PDF to HTML do not render text left to right line by line

I am converting pdf to html using below code:


string pdfHTML = “”;

protected void PDFtoHTMLStream(string file)
{
//Document doc = new Document(@“D:\PDF\input.pdf”);
Document doc = new Document(file);
Page page = doc.Pages[1];
Document newDoc = new Document();
newDoc.Pages.Add(page);

// tune conversion params
HtmlSaveOptions newOptions = new HtmlSaveOptions();
newOptions.RasterImagesSavingMode = HtmlSaveOptions.RasterImagesSavingModes.AsEmbeddedPartsOfPngPageBackground;
newOptions.FontSavingMode = HtmlSaveOptions.FontSavingModes.SaveInAllFormats;
newOptions.PartsEmbeddingMode = HtmlSaveOptions.PartsEmbeddingModes.EmbedAllIntoHtml;
newOptions.LettersPositioningMethod = HtmlSaveOptions.LettersPositioningMethods.UseEmUnitsAndCompensationOfRoundingErrorsInCss;
newOptions.SplitIntoPages = false;// force write HTMLs of all pages into one output document
newOptions.SplitCssIntoPages = false;
newOptions.DocumentType = HtmlDocumentType.Xhtml;

newOptions.CustomHtmlSavingStrategy = new HtmlSaveOptions.HtmlPageMarkupSavingStrategy(SavingToStream);
//we can use some non-existing puth as result file name - all real saving will be done
//in our custom method SavingToStream() (it’s follows this one)
string outHtmlFile = @“Z:\SomeNonExistingFolder\SomeUnexistingFile.html”;
newDoc.Save(outHtmlFile, newOptions);

}

protected void SavingToStream(HtmlSaveOptions.HtmlPageMarkupSavingInfo htmlSavingInfo)
{
byte[] resultHtmlAsBytes = new byte[htmlSavingInfo.ContentStream.Length];
htmlSavingInfo.ContentStream.Read(resultHtmlAsBytes, 0, resultHtmlAsBytes.Length);
pdfHTML = System.Text.Encoding.UTF8.GetString(resultHtmlAsBytes);
}

When the HTML render on UI it looks fine but if I read text from javascript it do not read in correct order. If I convert pdf to simple text it render text in correct order (i.e. line by line and left to right) but if I read text from html using javascript I see the order of text has been change.
I am using nextElementSibling.innerText to get next div value.

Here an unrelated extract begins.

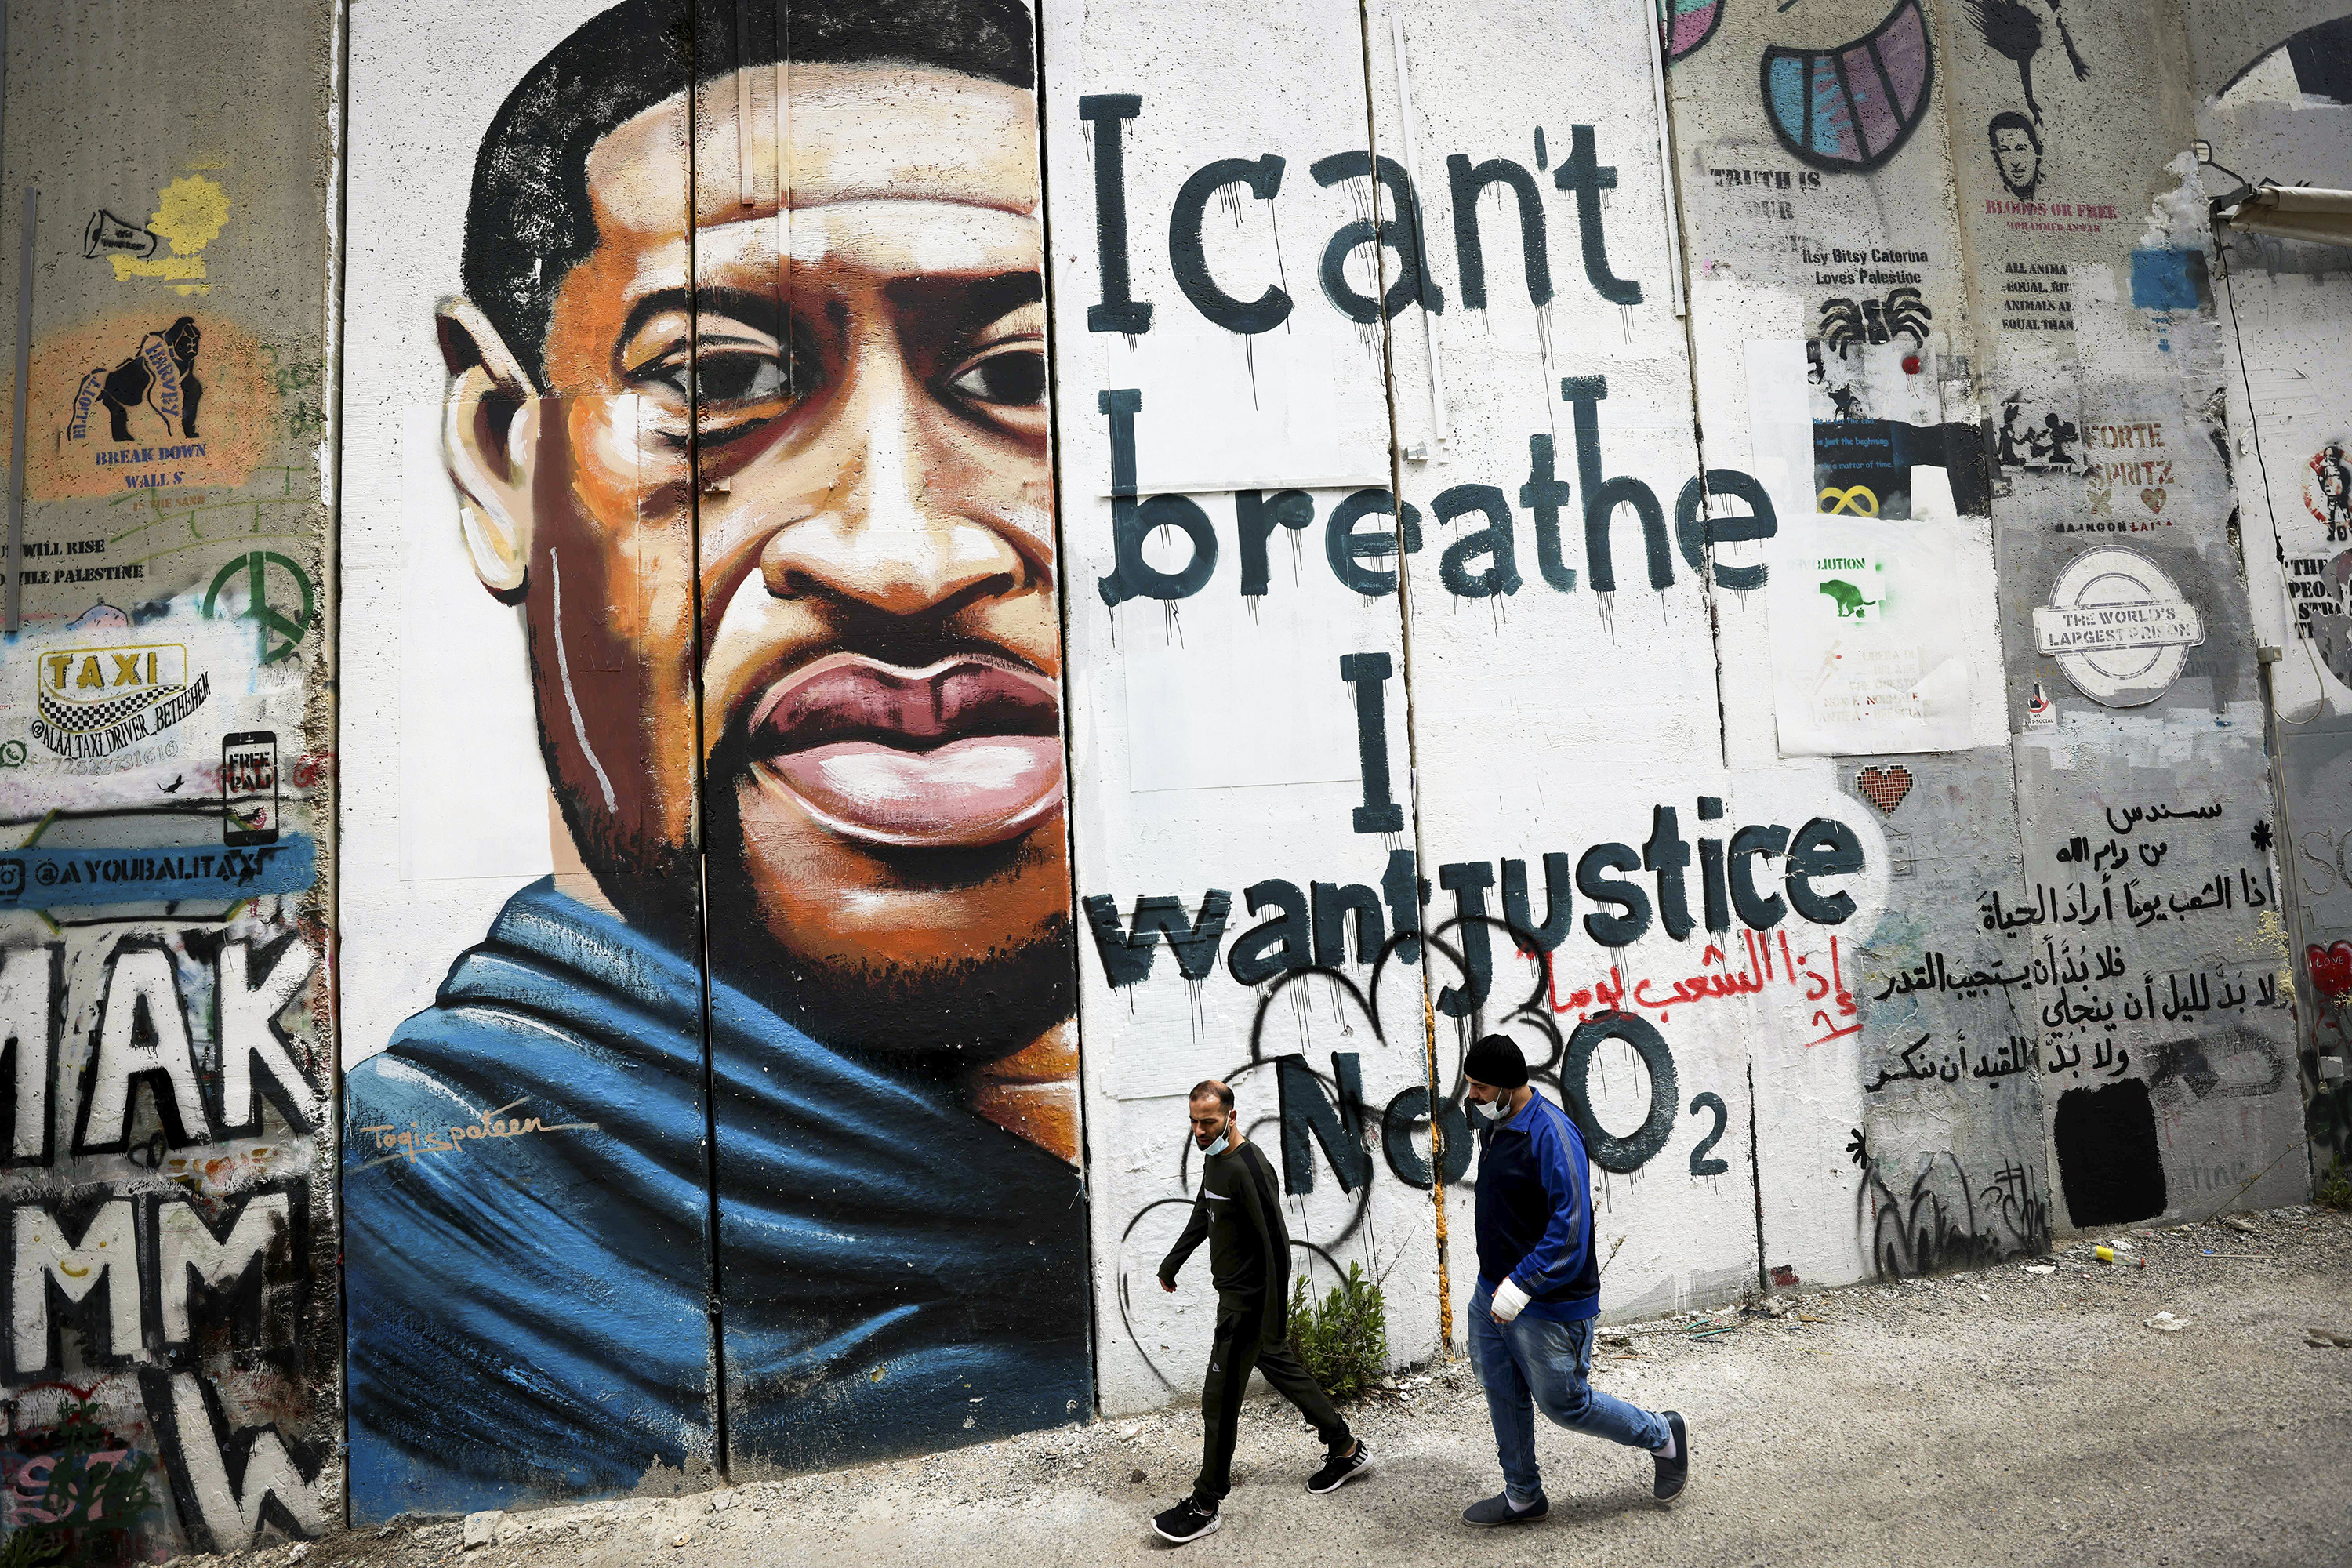 A George Floyd mural in Bethlehem features a picture of Floyd and the words, “I can’t breathe, I want justice not O2.”
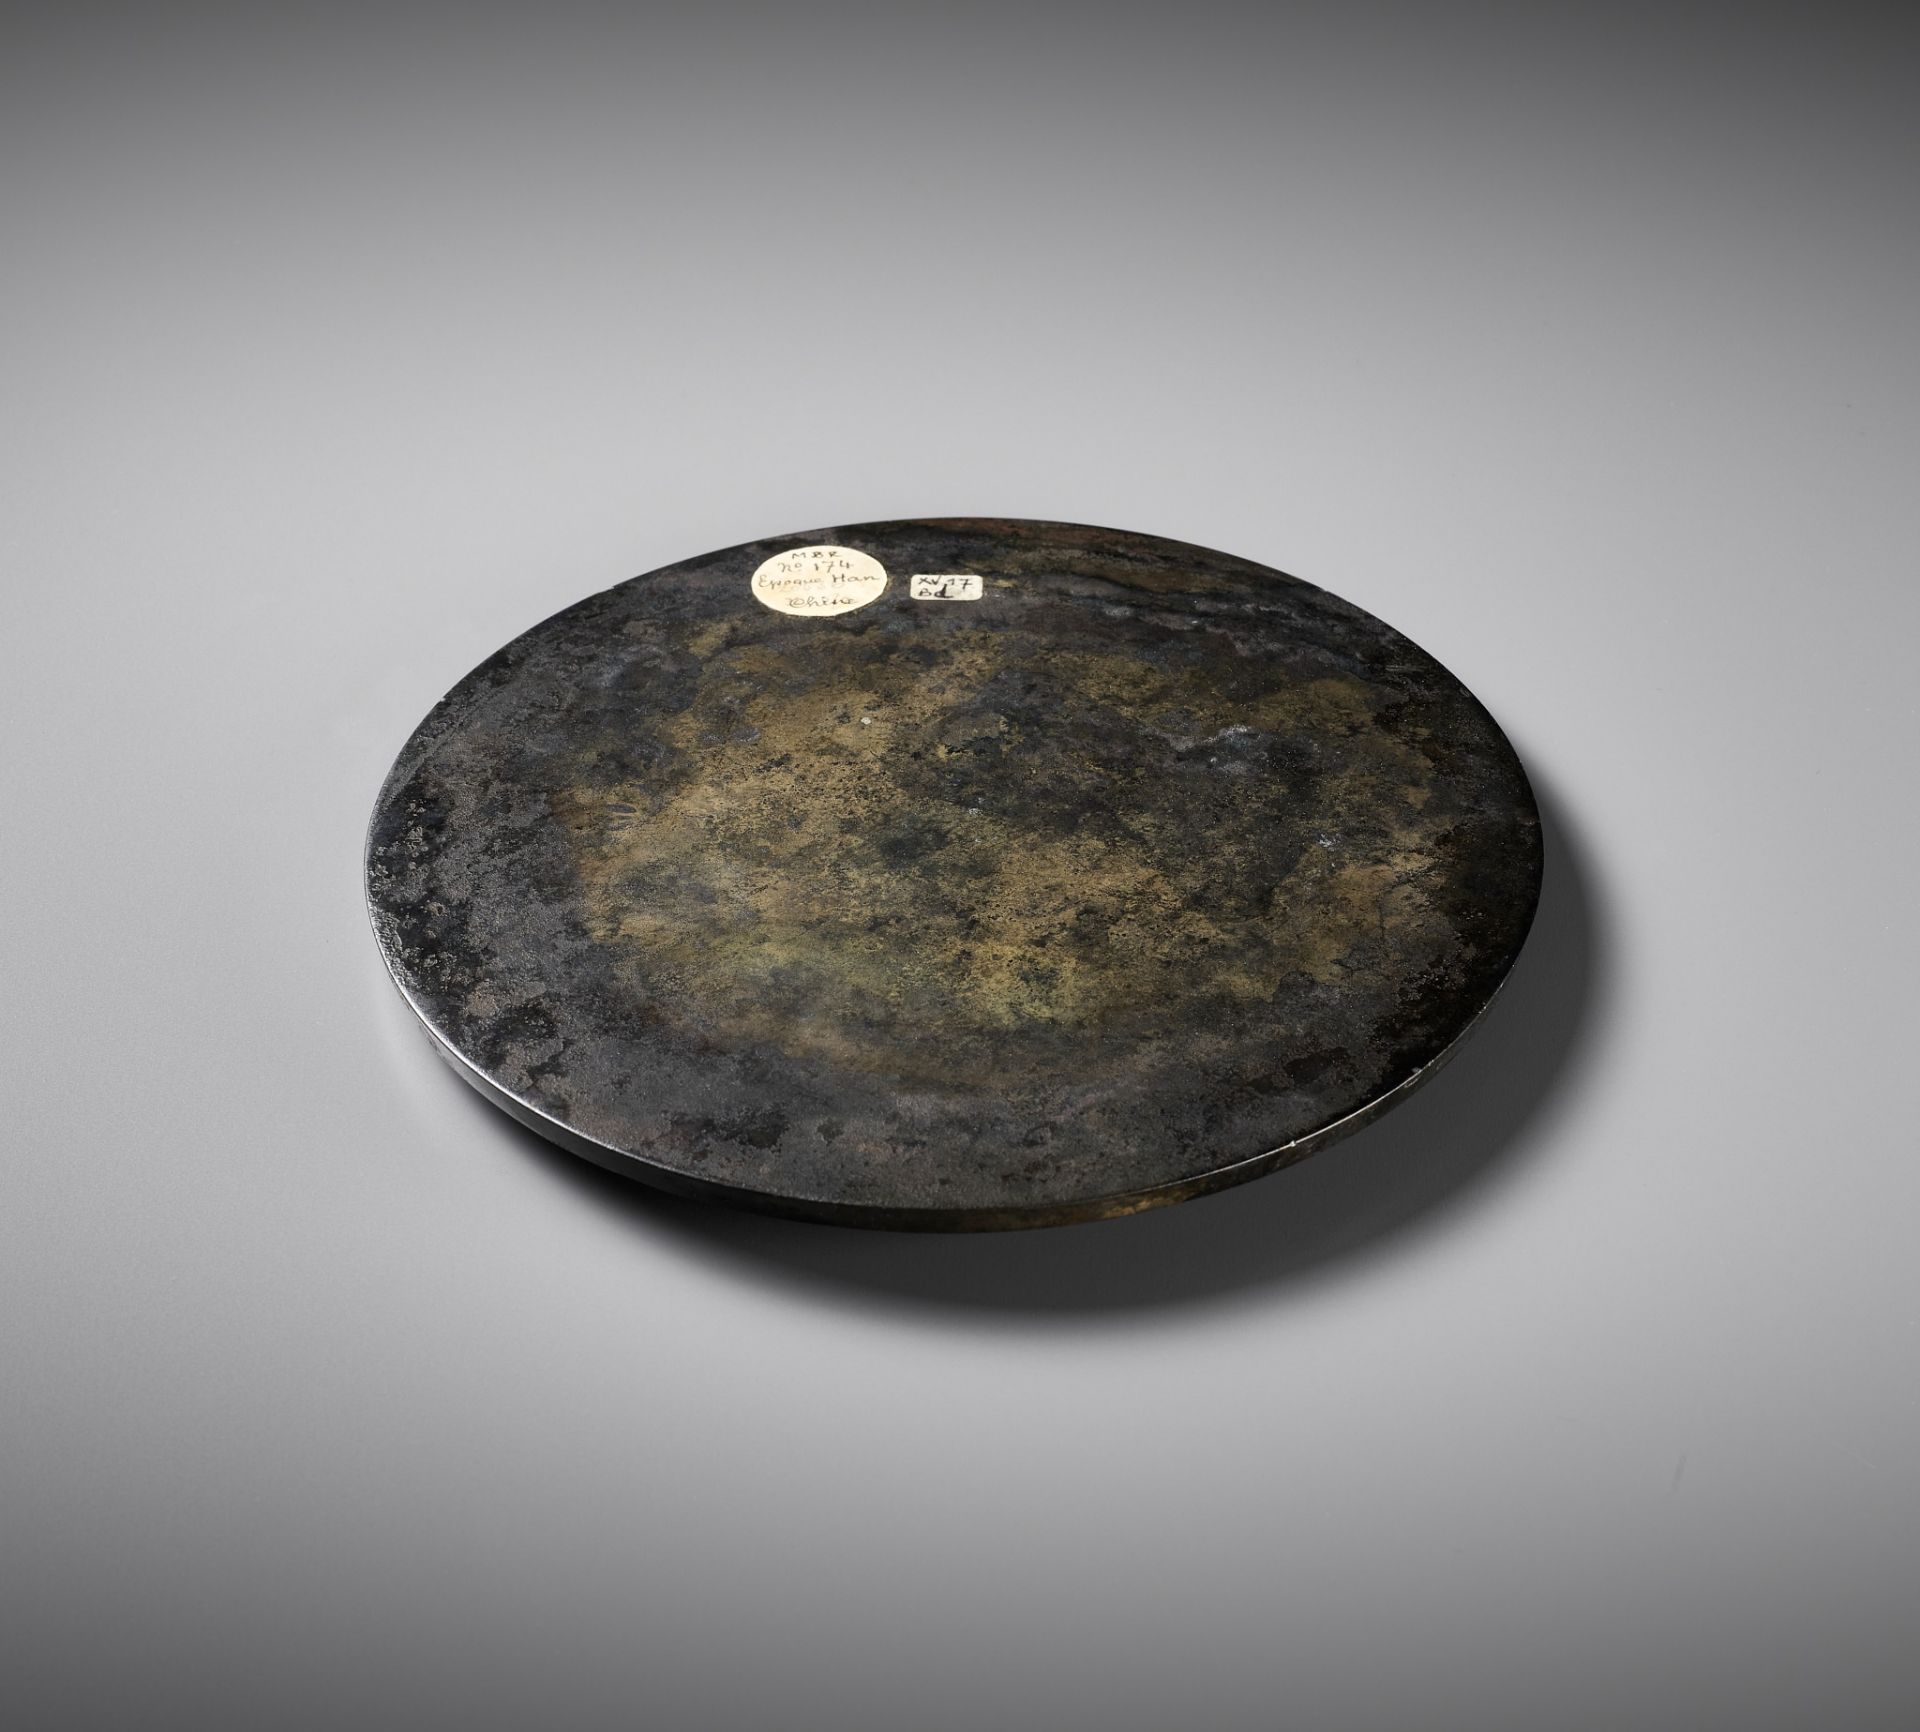 A LARGE BRONZE MIRROR WITH A 37-CHARACTER INSCRIPTION, HAN DYNASTY, CHINA, 206 BC-220 AD - Image 8 of 16

Is there any way so I can read text from html same way the pdf to text work (i.e. line by line and left to right)?

Hi Vatsal,

Thanks for your inquiry. I am afraid Aspose.Pdf does not support HTML text manipulation. You can google it for the solution. Please check this [blog post to search text within HTML](https://blog.codecentric.de/en/2013/11/javascript-search-text-html-page/), hopefully it will help you to accomplish the task.

Best Regards,